Mike Martinez, principal consultant for the critical infrastructure and security practice at Invensys Operations Management (www.iom.invensys.com), reports that SRP's network infrastructure changes also enabled deployment of centralized anti-virus management and back-up capabilities, improved network monitoring and a remote access- jump server with role-based user authentication for remote access. "We've been working with SRP for many years, so when we learned that these cybersecurity requirements were coming, we were able to help design and deploy a solution that would allow them to meet their exisitng best practices, while being consistent with their future need for a NERC-CIP-compliant program," says Martinez.
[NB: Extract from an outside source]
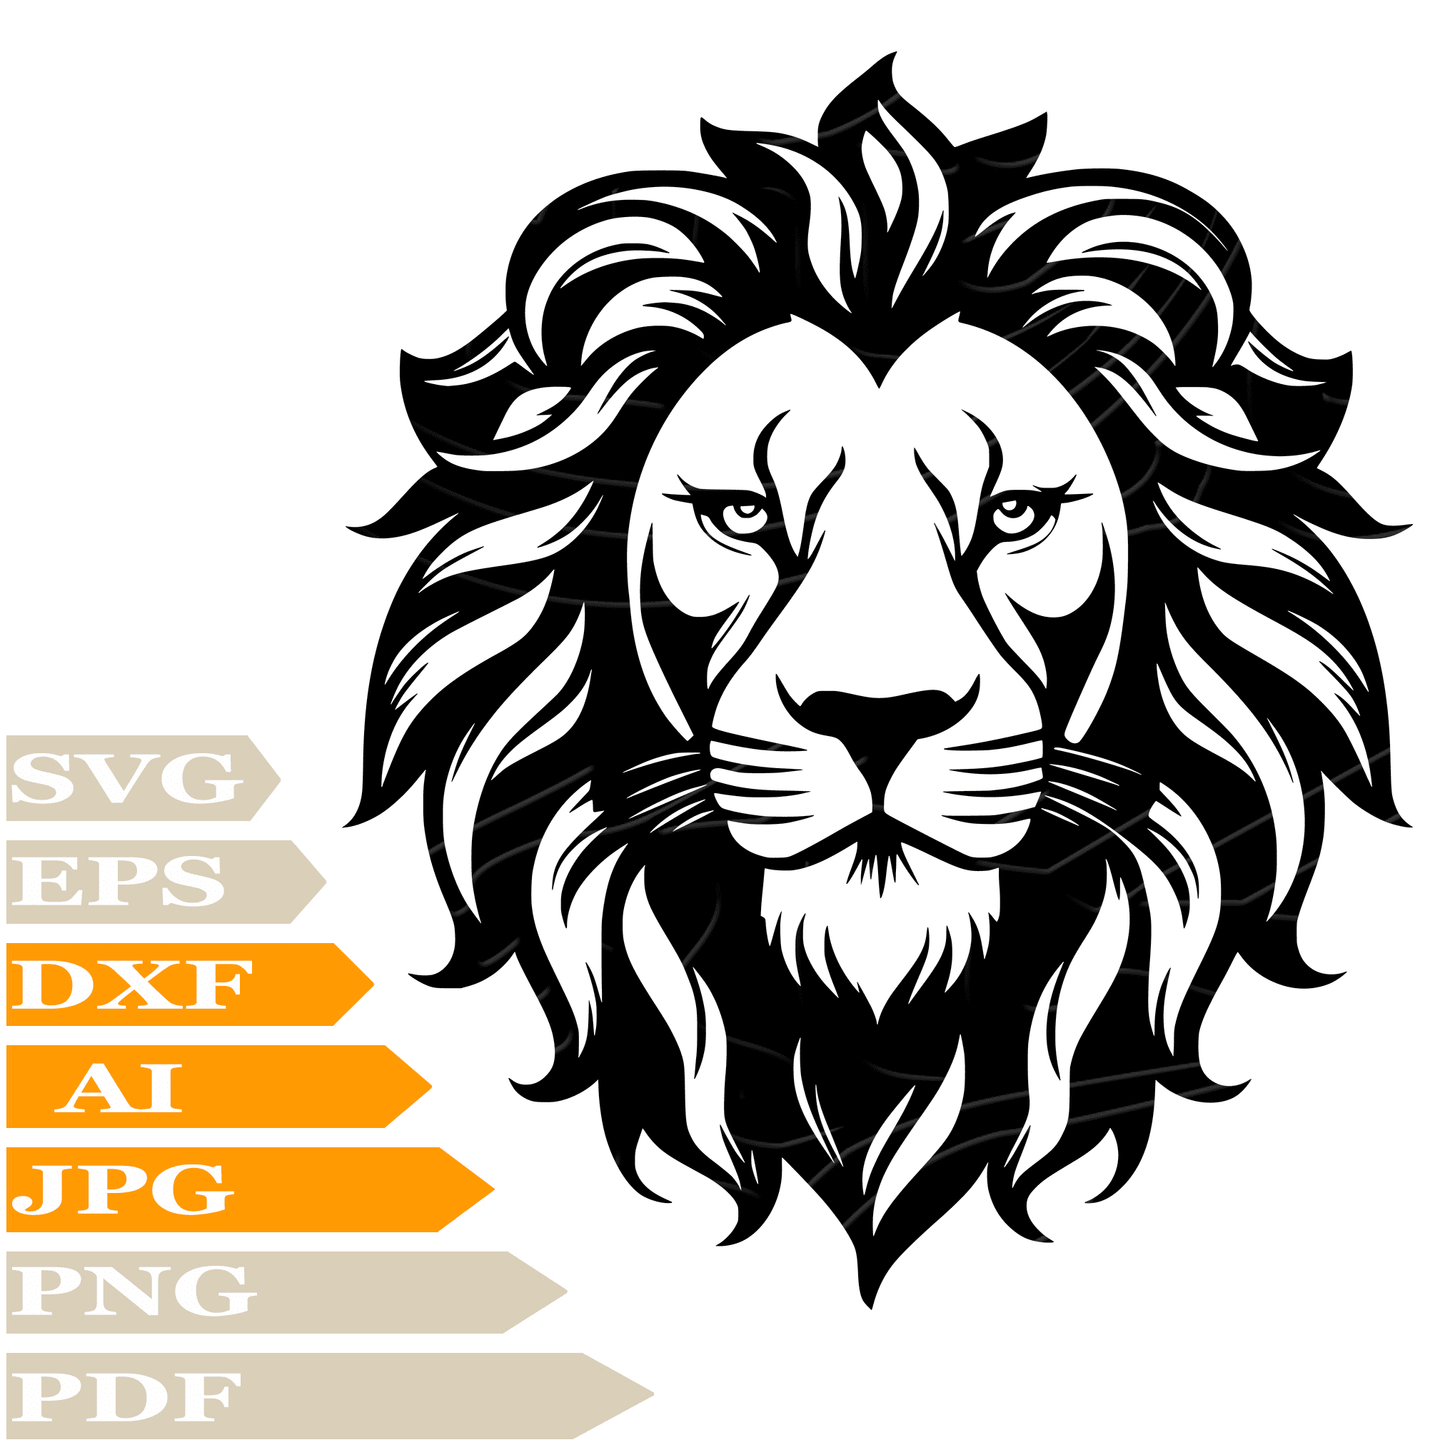 sofvintage-Lion SVG-Lion Head SVG Design-wild Animals SVG File-Wild Animals Lion Digital Vector Download-Lion Head PNG-Lion For Cricut-Lion Clip art-Wild Lion Head Image Cut-Lion Head T-Shirt-Lion Wall Sticker-Lion Head For Tattoo-Lion Printable-Wild Lion Head Silhouette
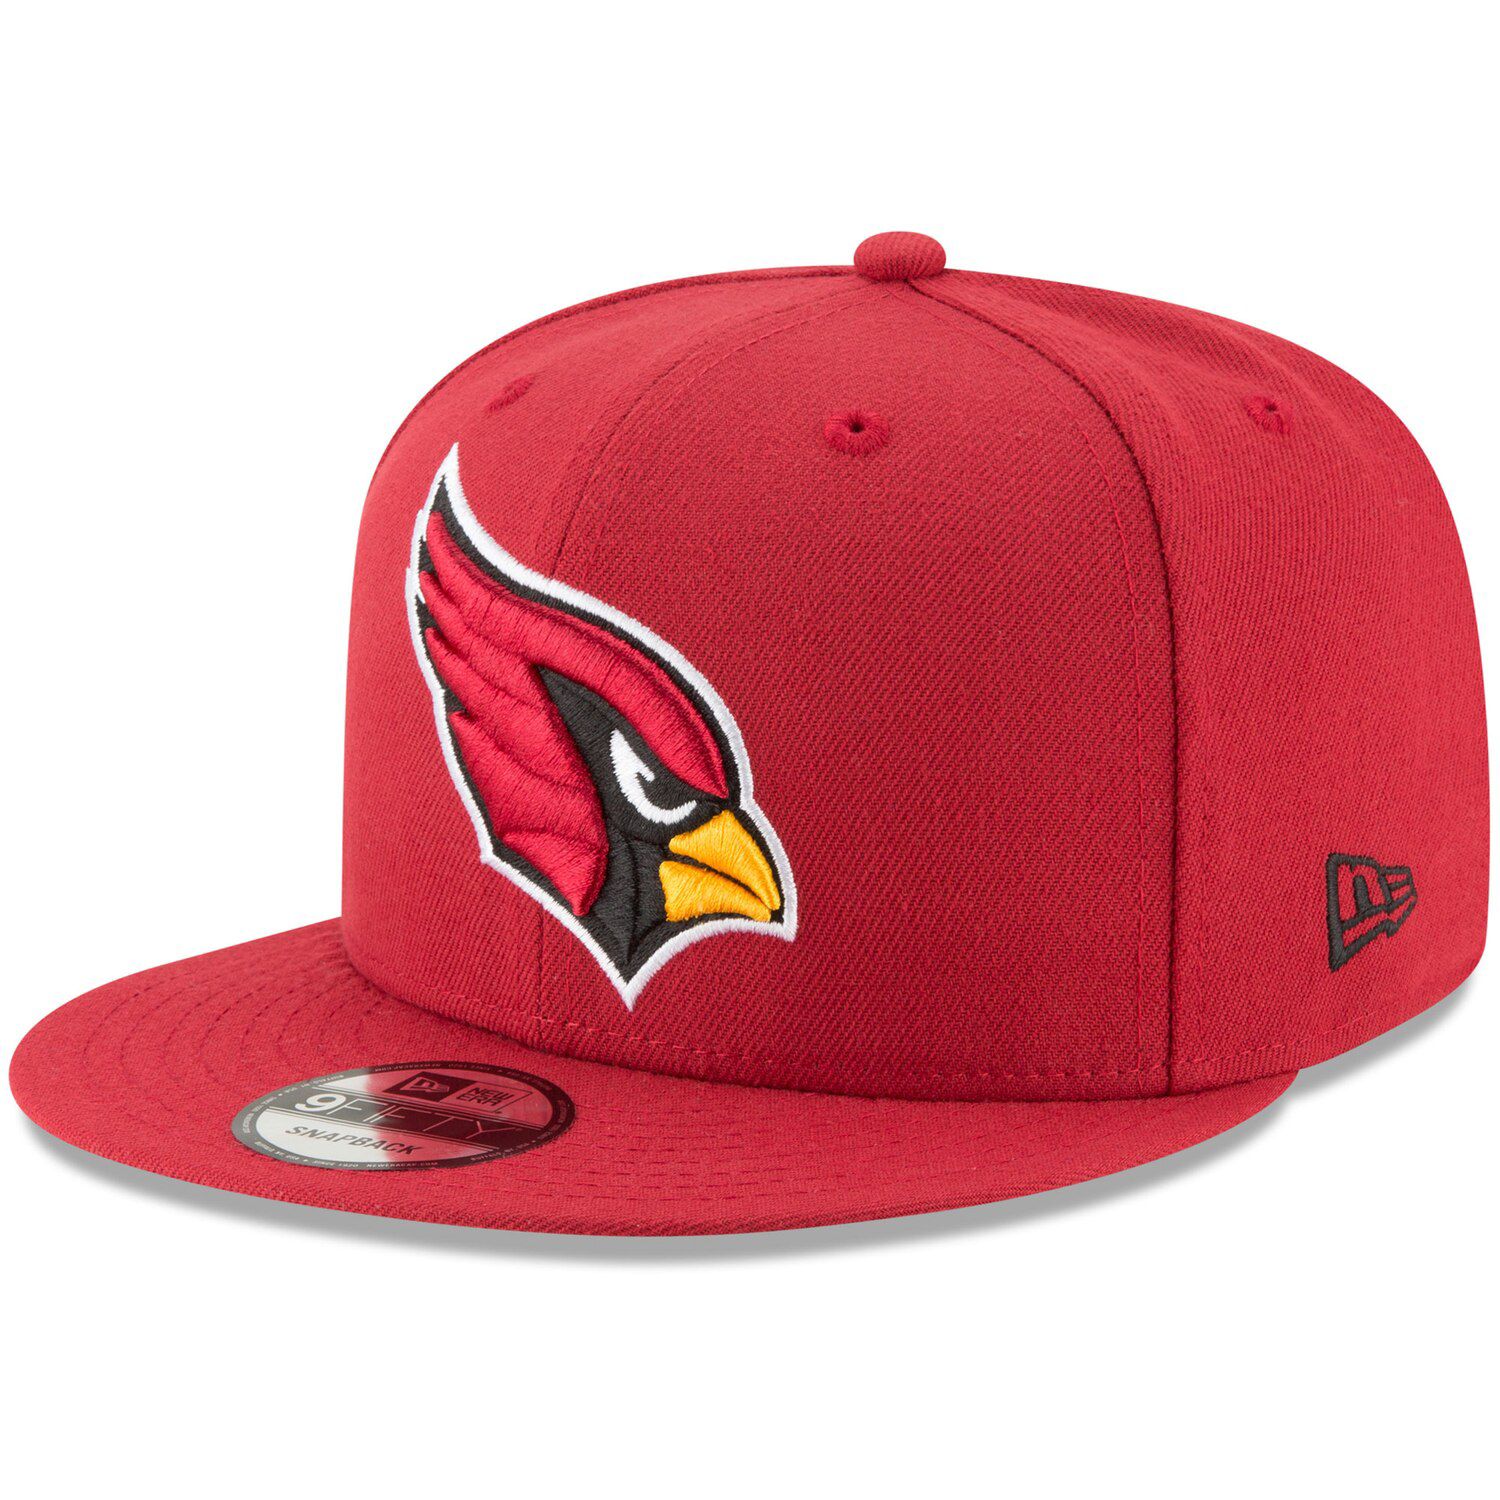 Мужская регулируемая шляпа Snapback New Era Cardinal Arizona Cardinals Basic 9FIFTY мужская кепка cardinal черная arizona cardinals flawless 9fifty snapback new era

While many networks use two layers of firewalls, some are also installing a data-based demilitarized zone (DMZ) between their corporate local area network (LAN) and their control system LAN (Figure 2). This provides an added layer of protection because no communications take place directly from the control system LAN to the business LAN, according to the U.S. Computer Emergency Readiness Team (US-CERT) and its Control System Security Program (CSSP, www.us-cert.gov).
Ernie Rakaczky, program director for control system cyber security at Invensys reports that US-CERT is helping many suppliers find vulnerabilities in their software and is testing security risk mitigation strategies to make sure they work properly.
Besides extra firewalls, NGS's security team also added a second maintenance network built on secondary network cards in its PCs, which is another likely NERC-CIP requirement. So while the original card performs its regular control operations on the plant's dedicated Invensys Foxboro I/A DCS, the second card does back-up, maintenance, patch deployments and other tasks.
This second maintenance network touches all the same points as the process control network at NGS's three generating units, SO2 scrubbers, lake pumps and workstations. The teams also added new physical and electronic access controls and password management for logging onto cyber-related assets. For example, mechanical maintenance staff will no longer be allowed into the control room, but will have to go a clearance office to have clearances issued.
Hull adds that upcoming efforts will take SRP's and NGS's security beyond protecting equipment at one point in time to make it part of their lifecycle and obsolescence planning, too.
"I think the feeling at NGS now is that we're headed in the right direction on process security," adds Hull. "There's a lot of overhead in maintaining security and compliance. And the process never really ends, so we still have more work to finalize our security infrastructure, implement more secure solutions across the whole NGS facility, update other components, and more thoroughly define our physical and electronic security perimeters. Later on the roadmap, we'll check for vulnerable assets again and see how well we did now."
Jim Montague is Control's executive editor.